Flow condensation heat transfer and pressure drop of R134a alternative refrigerants R513A and R450A in 0.95-mm diameter minichannels

Abstract

Due to the Kigali amendment to the Montreal Protocol, refrigerants such as R134a are targeted for phasedown or phaseout due to their global warming potential (GWP) and lower GWP refrigerants are being considered to replace R134a.
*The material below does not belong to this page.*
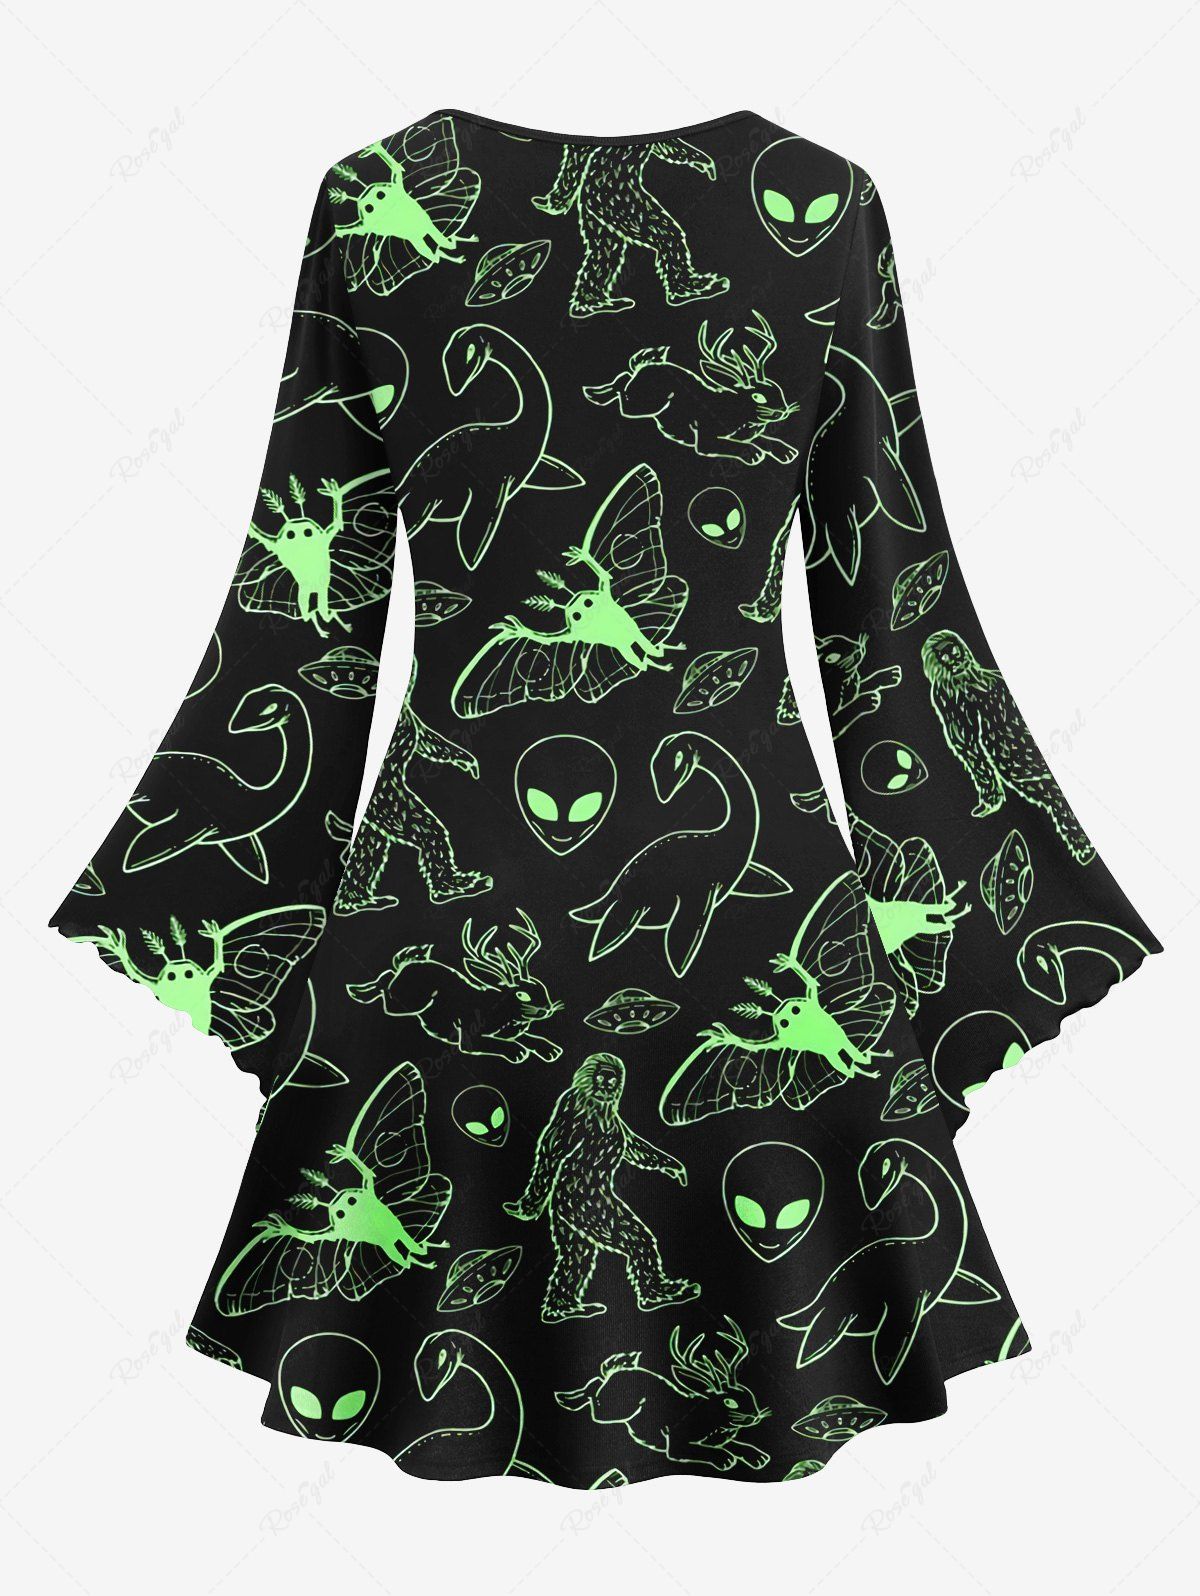 💗Lauren Loves💗 Gothic Alien UFO Rabbit Butterfly Monster Dinosaur Print Flare Sleeve A Line Dress

Since the condenser is typically responsible for 50% of the charge of a refrigeration system, it is vital to have a fundamental understanding of the flow condensation heat transfer performance of low GWP refrigerants such as R513A and R450A. Experimental flow condensation heat transfer coefficient data are reported for R134a, R513A, and R450A in seven parallel 0.95 mm diameter mini-channels for a range of mass fluxes (i.e., 200 – 500 kg/m2s) and qualities (i.e., 0.2 – 0.8) at a saturation temperature of 40 °C. The heat transfer coefficient uncertainties for all experiments were ± 6.3 – 21.2%, with an average of ± 9.8%. Condensation heat transfer coefficients for R134a, R513A, and R450A all increased with increasing mass flux and quality. R513A condensation heat transfer coefficients were 2.6 – 25.6% lower than R134a heat transfer coefficients and pressure drops were 4.5 – 14.0% lower than R134a pressure drops. R450A heat transfer coefficients were 2.4% higher than R134a at higher mass fluxes and qualities and up to 11.7% lower than R134a at lower mass fluxes than R134a heat transfer coefficients; R450A pressure drop were comparable to R134a pressure drop (i.e., 5.0% higher to 9.5% lower). The data were compared to three condensation correlations – Shah (2016), Kim and Mudawar (2013), and Cavallini et al. (2011); the data were predicted with mean average errors of 23.4%, 15.9%, and 23.4%, respectively.